One hundred and four consecutive patients with untreated AVMs and with ≥6 months of hemorrhage-free and treatment-free follow-up were included. Among them, 30 (28.8%) patients were aged <18 years, with the average age being 12.7 years. The whole cohort had a mean age of 29.0 ± 14.3 years at initial diagnosis. There were 51 and 53 patients with small (<3 cm) and large (≥3 cm) nidus sizes, respectively. The temporal lobe was the most frequent AVM location (23.1%). Overall, 19.2% (20/104) of AVMs had exclusively deep venous drainage, whereas 28.8% (30/104) had a single feeding artery. Eight patients presented with intranidal aneurysms. Finally, 85 patients had Spetzler–Martin grade I, II, or III AVM and 19 patients had grade IV or V AVM.

Hemorrhage presentation

In this cohort, the incidence of hemorrhagic presentation was 38.5% (40/104). Children (<18 years) had a significantly higher proportion of hemorrhage at presentations in this series (p = 0.015). The proportion of AVMs with a small size (p = 0.001), single feeding artery (p = 0.015), or exclusively deep venous drainage pattern (p = 0.001) was significantly higher among patients with hemorrhage at presentation. In this study, we found no statistically significant differences in the five hemodynamic parameters between AVMs that had hemorrhage at presentation and those that had not previously ruptured. Table 1 summarizes the baseline characteristics.

TABLE 1

Table 1. Comparison of baseline characteristics and clinical features of patients with ruptured and unruptured arteriovenous malformation (AVMs) at initial diagnosis.

Follow-up outcomes

The mean follow-up period was 3.37 years (median, 2.42 years; range, 6–117 months). During the entire 350.4 person-years between initial diagnostic DSA and the follow-up endpoint, a total of 13 patients experienced subsequent hemorrhage of AVMs, resulting in an annual rupture rate of 3.7% for this whole cohort. Among the 40 patients with AVMs that have hemorrhage at presentation, the mean follow-up period was 3.10 years (median, 1.75 years; range, 6–108 months). During this follow-up period, 9 out of these 40 patients experienced subsequent hemorrhagic events, corresponding to an annual rupture risk of 7.3%. Conversely, for the remaining 64 patients who initially presented with unruptured AVMs, the mean follow-up duration was 3.54 years (median, 2.79 years; range, 6–117 months). During this period, 4 patients experienced subsequent hemorrhagic events, reflecting an annual rupture risk of 1.8%. Six patients died throughout the follow-up period. Most of their deaths, except the one from congenital heart disease, were thought to be mostly attributable to AVM.

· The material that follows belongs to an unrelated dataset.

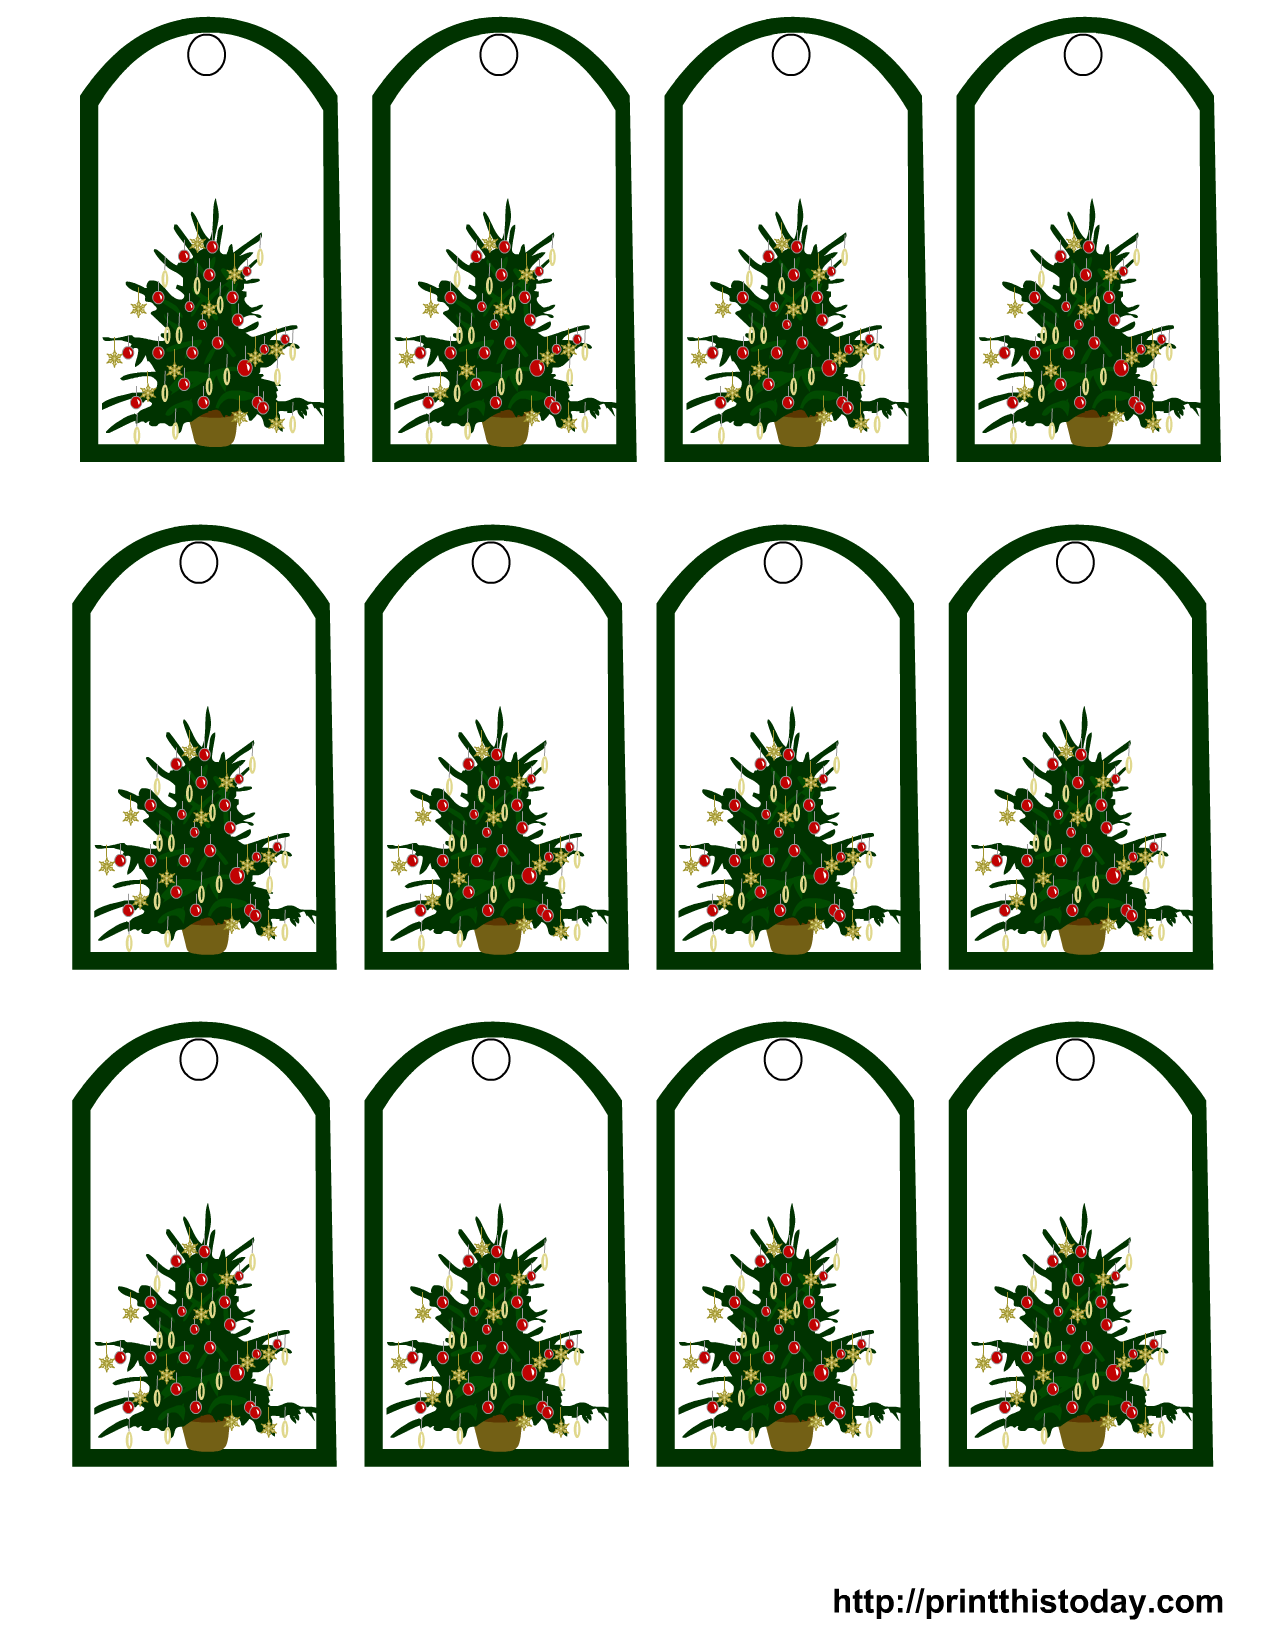 Free Printable Christmas Gift Tags Featuring Christmas Tree
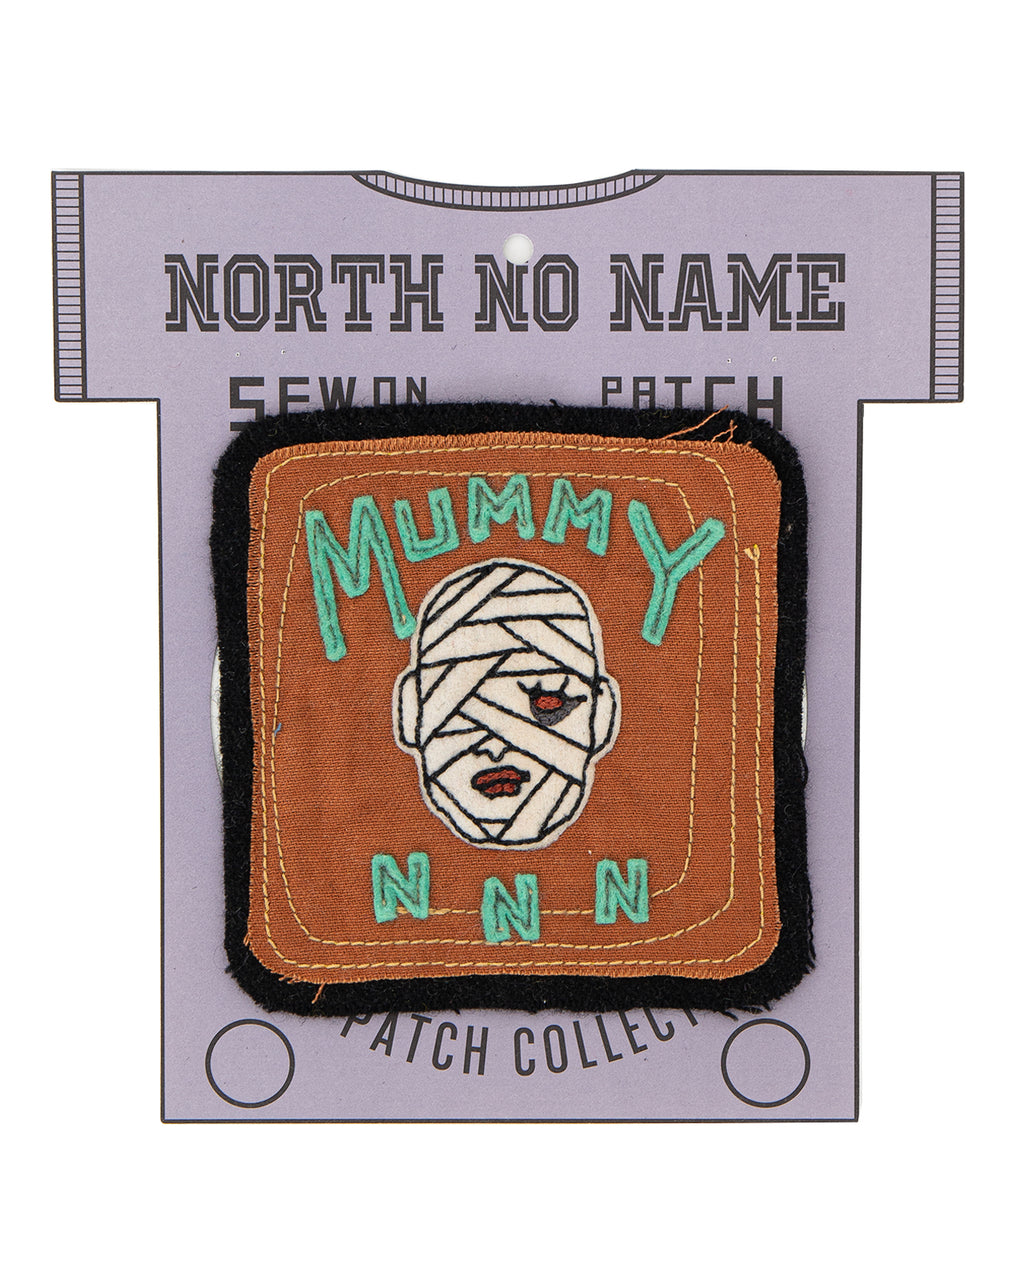 North No Name Felt Patch, Mummy

As shown in Figure 2, previous rupture and deep location significantly enhanced the probability of AVM-related subsequent hemorrhage. However, although small nidus size and exclusively deep venous drainage pattern increased AVM-related subsequent hemorrhage risk, the differences were not significant in the log-rank test. Figure 3 shows the distribution of five hemodynamic features in patients with and without subsequent hemorrhage, only one feature—CBF—had a larger median value in patients with subsequent AVM rupture.

FIGURE 2

Figure 2. Kaplan–Meier survival curves of hemorrhage-free survival after the initial arteriovenous malformation (AVM) diagnosis using digital subtraction angiography (DSA) for 104 untreated patients. The four survival graphs are based on model estimates for (A) hemorrhagic vs. non-hemorrhagic AVM presentation, (B) Deep vs. superficial AVM location, (C) small vs. larger AVM size, and (D) other vs. exclusively deep venous drainage pattern.

FIGURE 3

Figure 3. Boxplot illustrating the difference in the five hemodynamic features between the subsequent hemorrhage and hemorrhage-free in unruptured arteriovenous malformation. (A) Time to peak, (B) mean transit time, (C) cerebral blood flow, (D) cerebral blood volume, and (E) stasis index.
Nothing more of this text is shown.